There's not yet GOARM64=, only GOARM= and GOAMD64= so that step might also be helpful for letting Go know which variant to use.

cespare commented 2 years ago

The challenge is going to be detecting whether the CPU supports SVE

Some googling led me to this page, which says:

Support for the execution of SVE instructions in userspace can also be detected by reading the CPU ID register ID_AA64PFR0_EL1 using an MRS instruction, and checking that the value of the SVE field is nonzero.

We could probably do that at startup. But a question is whether adding a (predictable) branch to every hash function call is too slow.

as well as Go implementing support for the SVE opcodes.

Do you mean adding the instructions to the Go assembler? If so, that's not necessary; we can always just emit the bytes directly.

There's not yet GOARM64=, only GOARM= and GOAMD64= so that step might also be helpful for letting Go know which variant to use.

As far as I know those env variables are only useful for telling the compiler what instructions it's allowed to use. A missing piece here is having build tags to select certain CPU features. That's tracked by https://github.com/golang/go/issues/45454. So we'd need both new GOARM64 variants that allow for selecting for some kind of baseline feature level that includes SVE and https://github.com/golang/go/issues/45454 to make that available as a build tag.
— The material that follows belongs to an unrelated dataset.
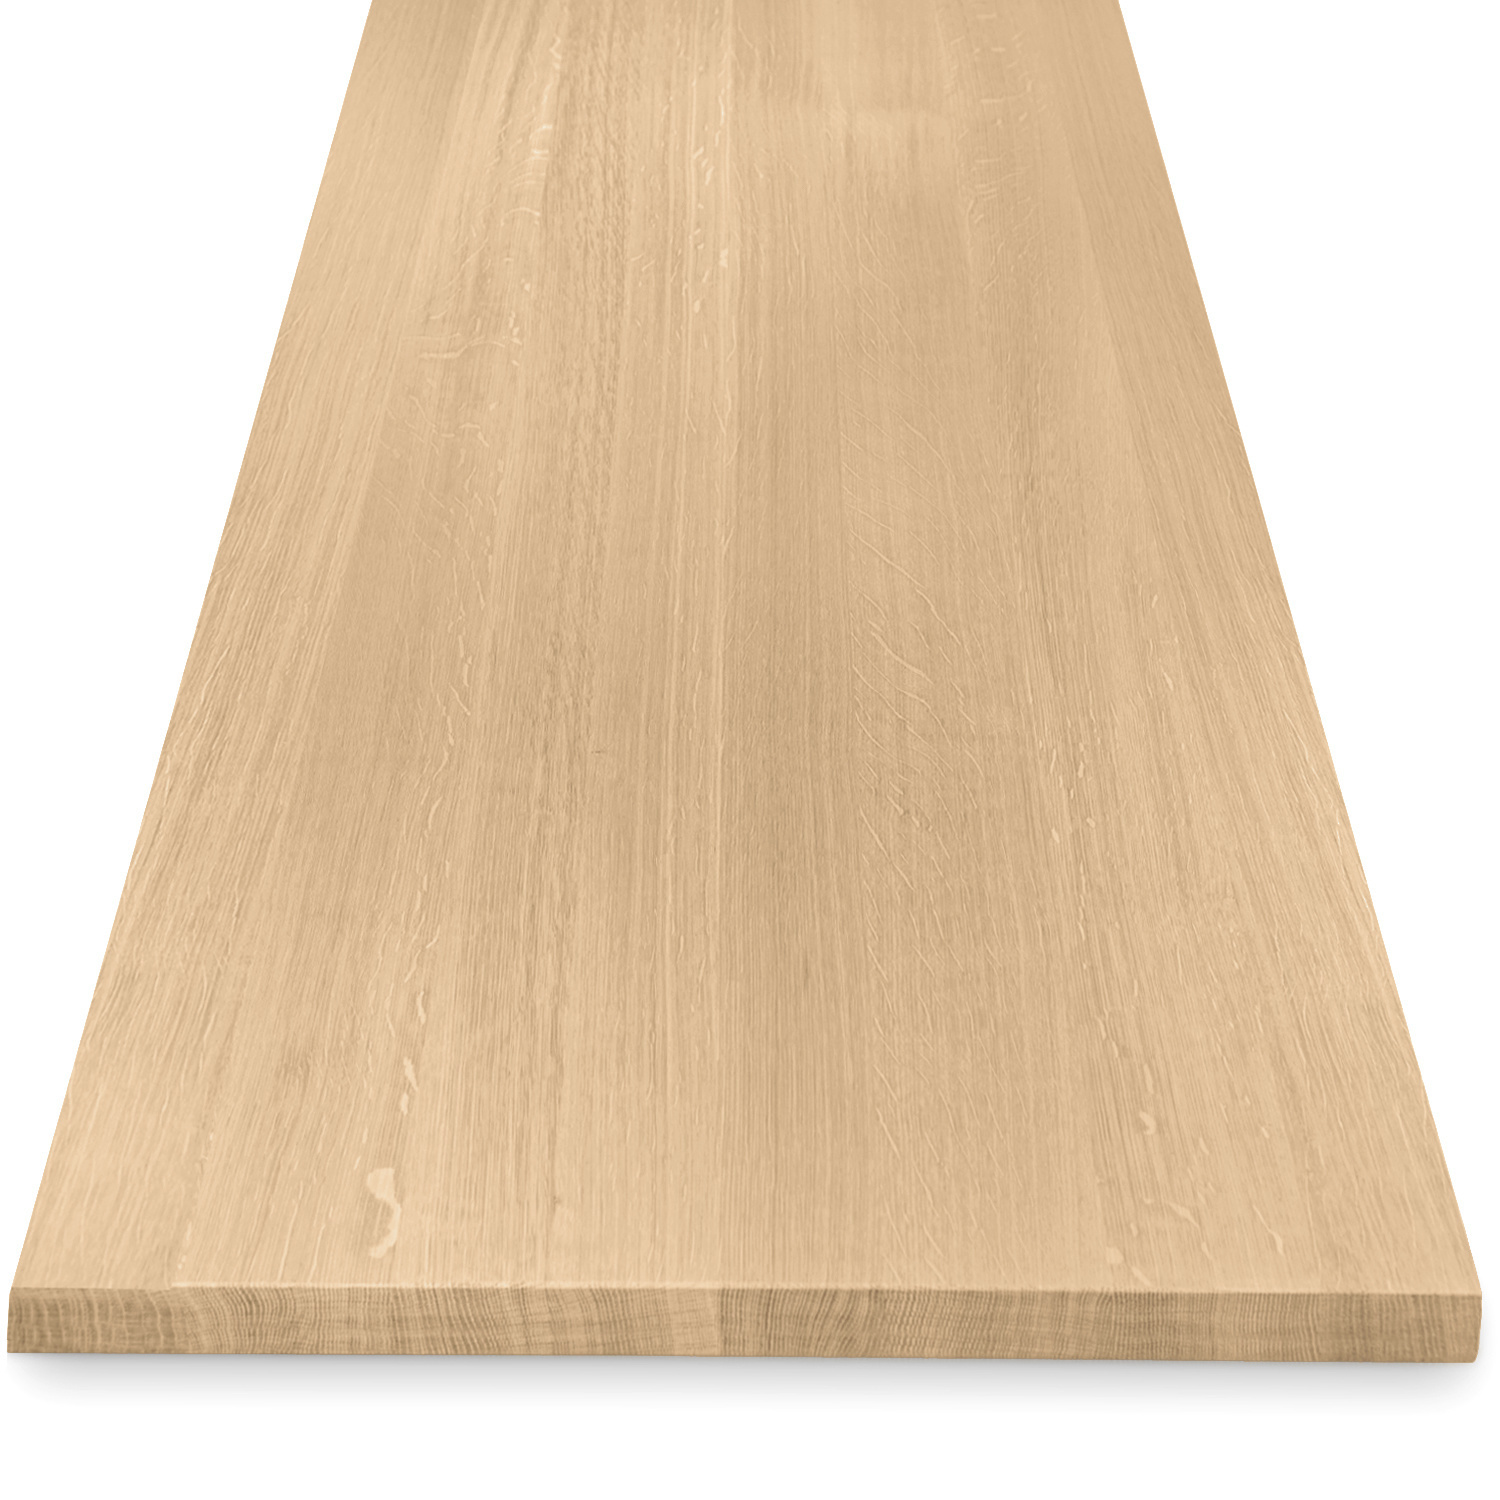  Tischplatte Eiche - 4 cm dick (1-Schicht) - Breite Lamellen (10 - 12 cm breit) - Eichenholz A-Qualität - verleimt & künstlich getrocknet (HF 8-12%) - verschiedene Größen
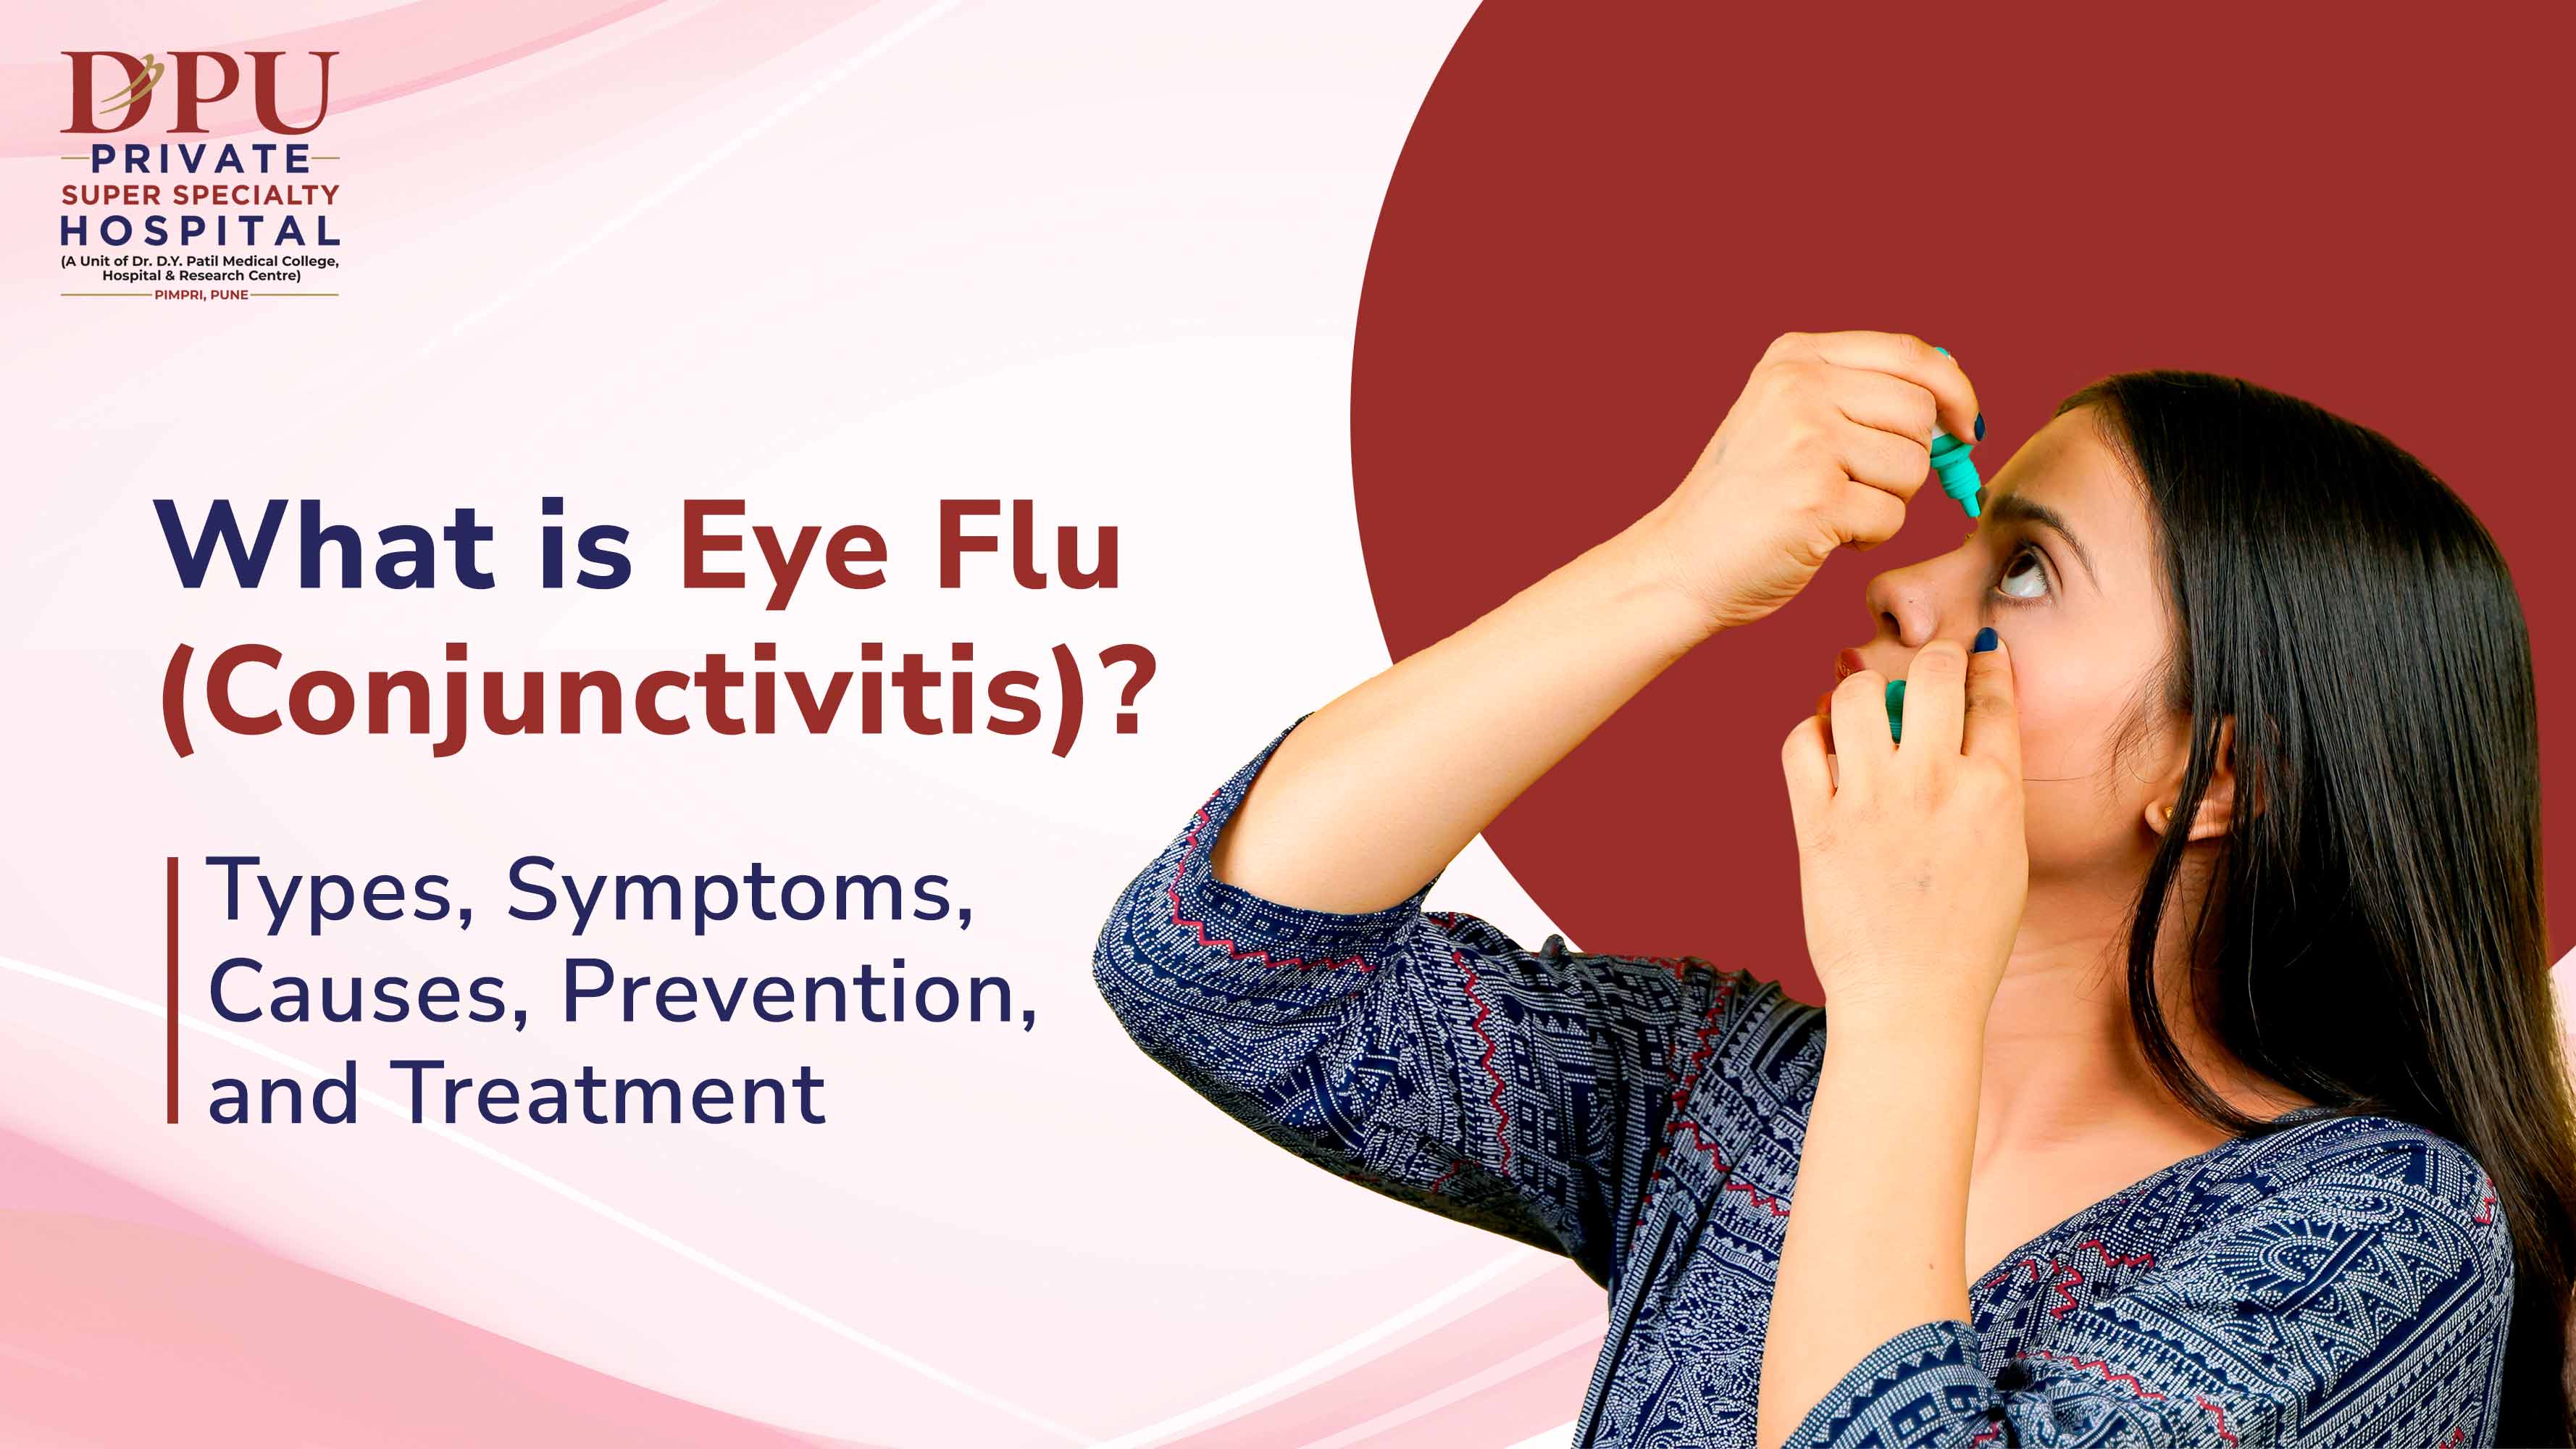 Eye Flu (Conjunctivitis) Guide

With all of that we'd be able to avoid runtime feature detection.

klauspost commented 2 years ago

Support for the execution of SVE instructions in userspace can also be detected by reading the CPU ID register ID_AA64PFR0_EL1 using an MRS instruction, and checking that the value of the SVE field is nonzero.

Careful. This is a protected instruction, and requires the OS to intercept the call and handle it. Not all operating systems do that, so your program can crash on init.

For cpuid it is implemented rather complex. There may be simpler methods, but this is what I found - not being any sort of arm expert.

On Linux, first we attempt it by hooking up to the internal runtime cpu detection, which gets populated by the runtime with data that isn't exposed publicly. AFAICT there is no other way to get this information:

//go:linkname hwcap internal/cpu.HWCap
var hwcap uint

If this isn't set /proc/self/auxv is read (not available on Android, though, so it must fail gracefully).

If CPUID flag isn't set by some of the above, we do not read MIDR_EL1, since it may crash.

For OSX, I have not found any method for determining features, so just a base set is enabled.

lizthegrey commented 2 years ago

Do you mean adding the instructions to the Go assembler? If so, that's not necessary; we can always just emit the bytes directly.

That has a bit of a cost in terms of readability, but it'll work in the short term...

in any event, since there's some benefit for some real world use cases, no evidence of significant harm, and it's bottlenecking on floating point math on all but the newest hardware as @AWSjswinney says but there are significant speedups on the newest hardware, we should probably make the decision to go ahead and merge this as it is?

AWSjswinney commented 2 years ago

Adding an SVE implementation would be speculative at this point and it wouldn't be beneficial for a while until CPUs with SVE are widely available. By that time, the Go assembler should support all of the necessary SVE instructions. I haven't looked at the amd64 implementation much, but I suspect there may be something similar possible for that architecture with SSE or AVX. It's just an idea for the future.

I definitely think it makes sense to merge as is for now.

lizthegrey commented 2 years ago

Ping @cespare, any chance we can merge this so we can keep on iterating on it in future? The timing differences are basically noise if the bottleneck is the multiply units on older hardware, and it shows substantial benefit when the multiply unit bottleneck is removed by newest generation hardware.

cespare commented 2 years ago

@lizthegrey this remains on my TODO list. I need to understand and review the code.

lizthegrey commented 2 years ago

c7g graviton3 is now generally available. Profiling shows that this assembly code is now running at least 17% faster than on Graviton2.

https://flamegraph.com/share/18a16815-db9e-11ec-b50b-a2e3bd482a0d

snadampal commented 2 years ago

Any hope to get this reviewed and merged soon?